START Supplied information

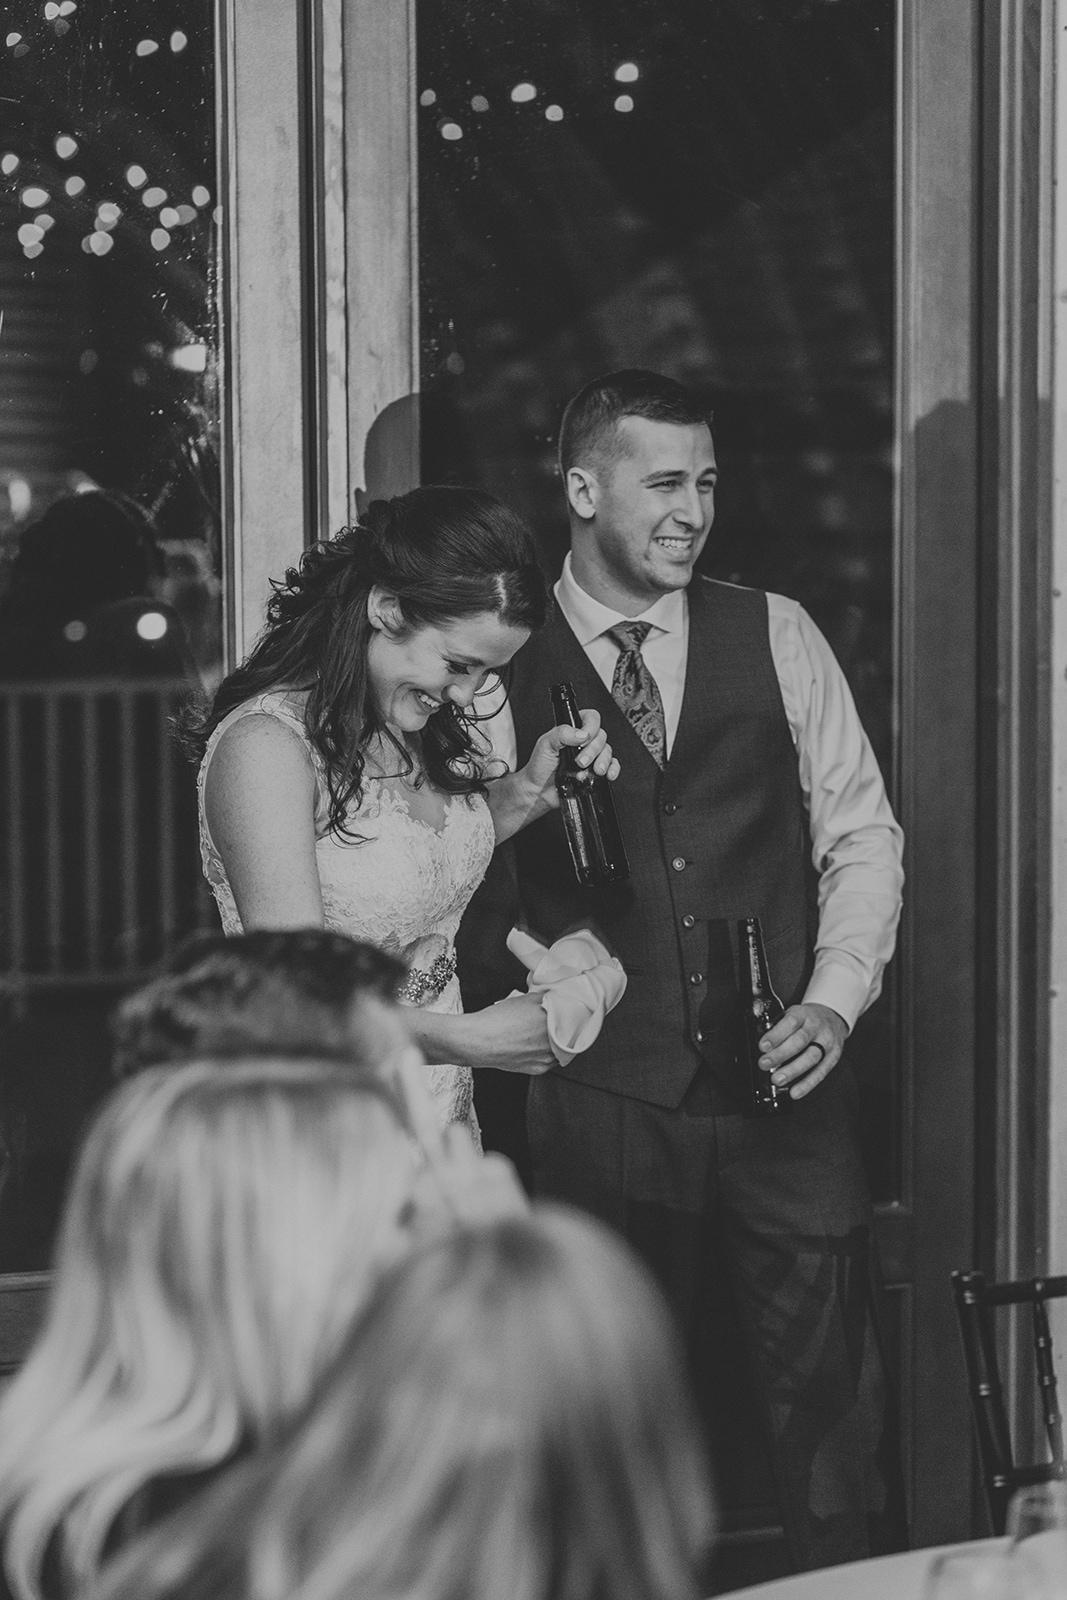 brielle-davis-events-48-fields-wedding-0433.jpg
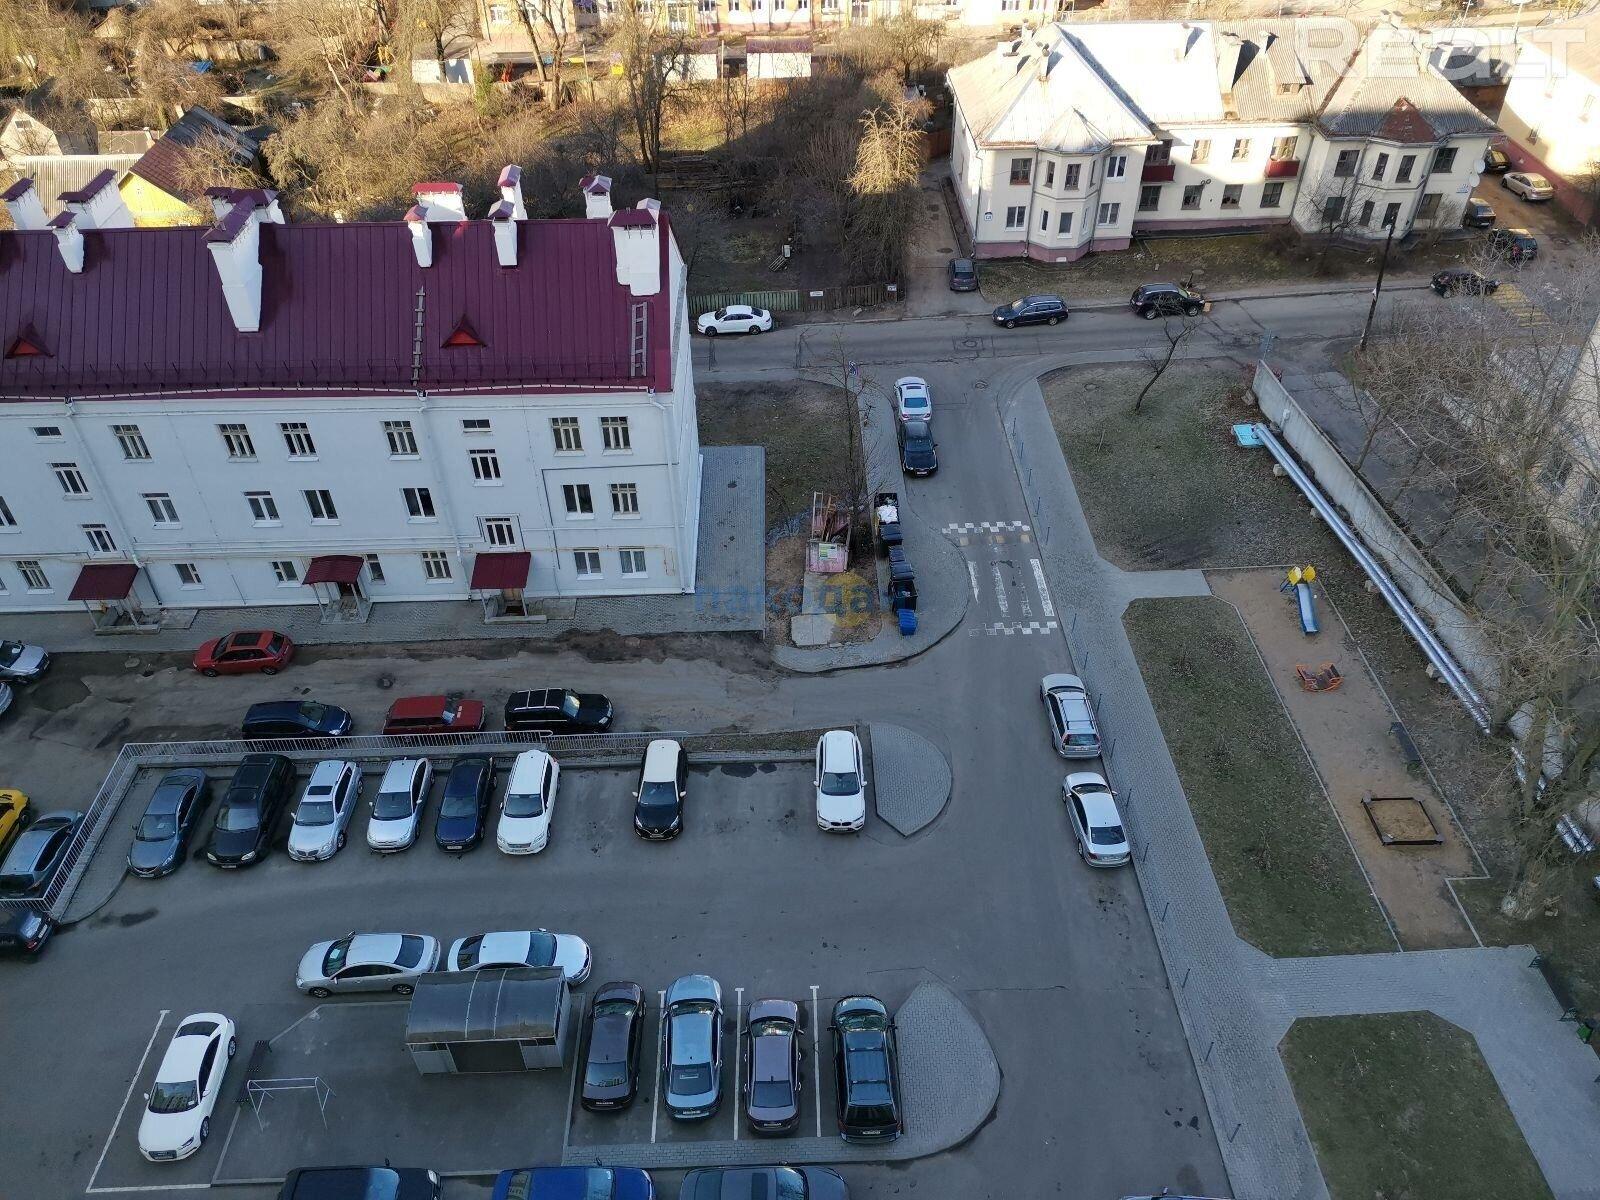 Продается 2-х комнатная квартира, пер. Железнодорожный 3-й д.10 - фото №25
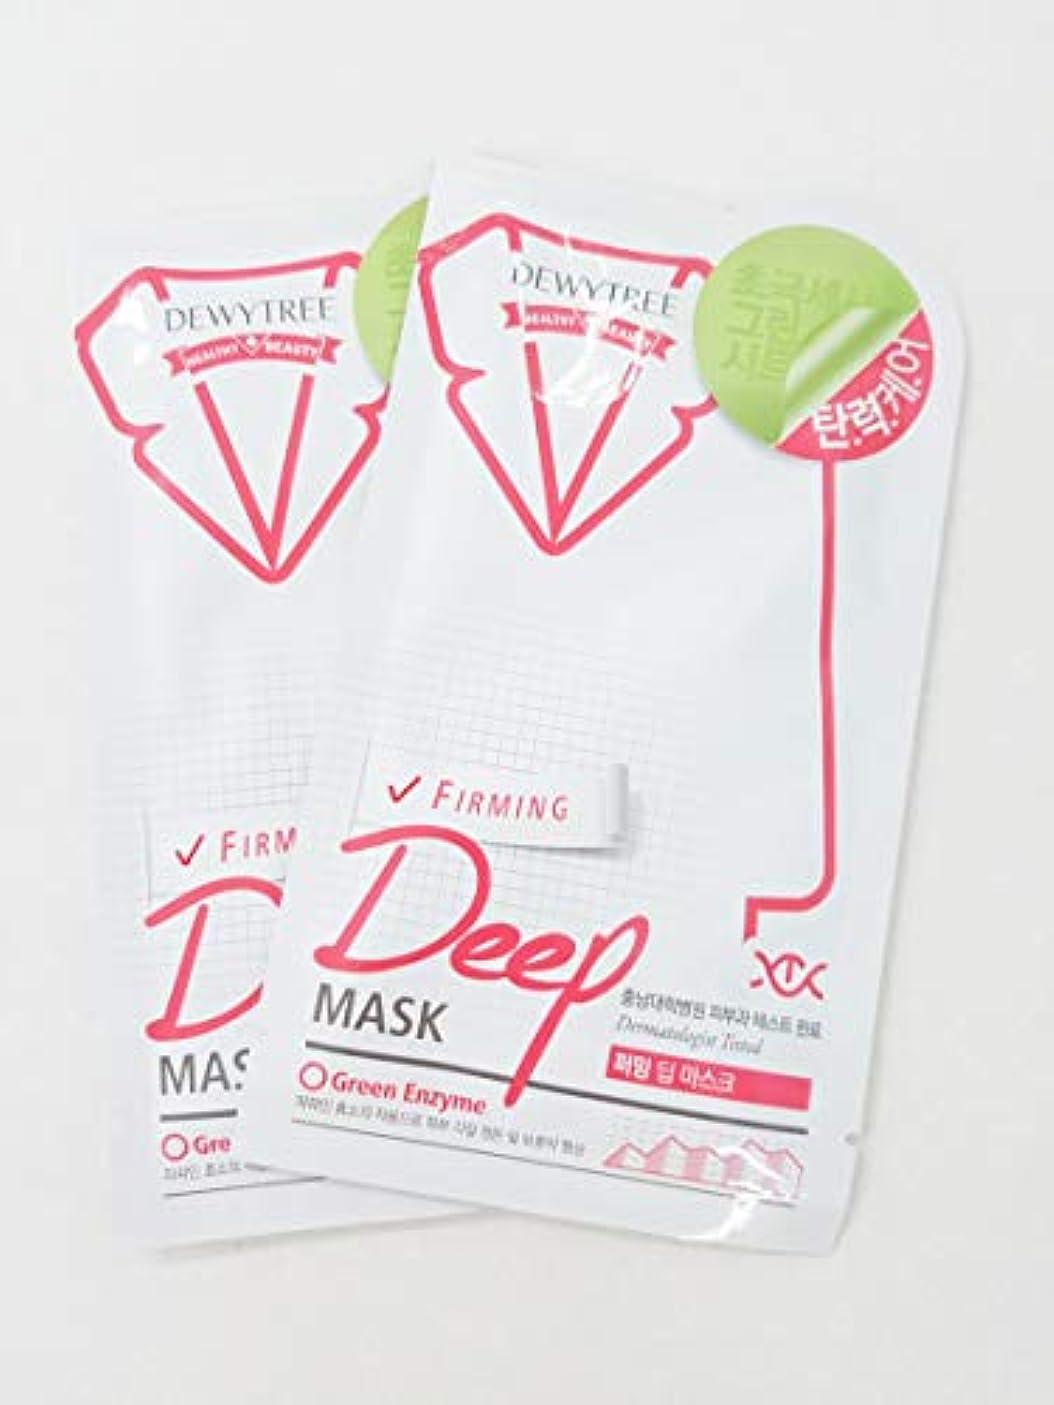 折試験期待して(デューイトゥリー) DEWYTREE ファーミングディープマスク 20枚 Firming Deep Mask 韓国マスクパック (並行輸入品)

END Supplied information

Write out the material exactly as it stands, omitting every picture.

 brielle-davis-events-48-fields-wedding-0433.jpg
 Продается 2-х комнатная квартира, пер. Железнодорожный 3-й д.10 - фото №25
 折試験期待して(デューイトゥリー) DEWYTREE ファーミングディープマスク 20枚 Firming Deep Mask 韓国マスクパック (並行輸入品)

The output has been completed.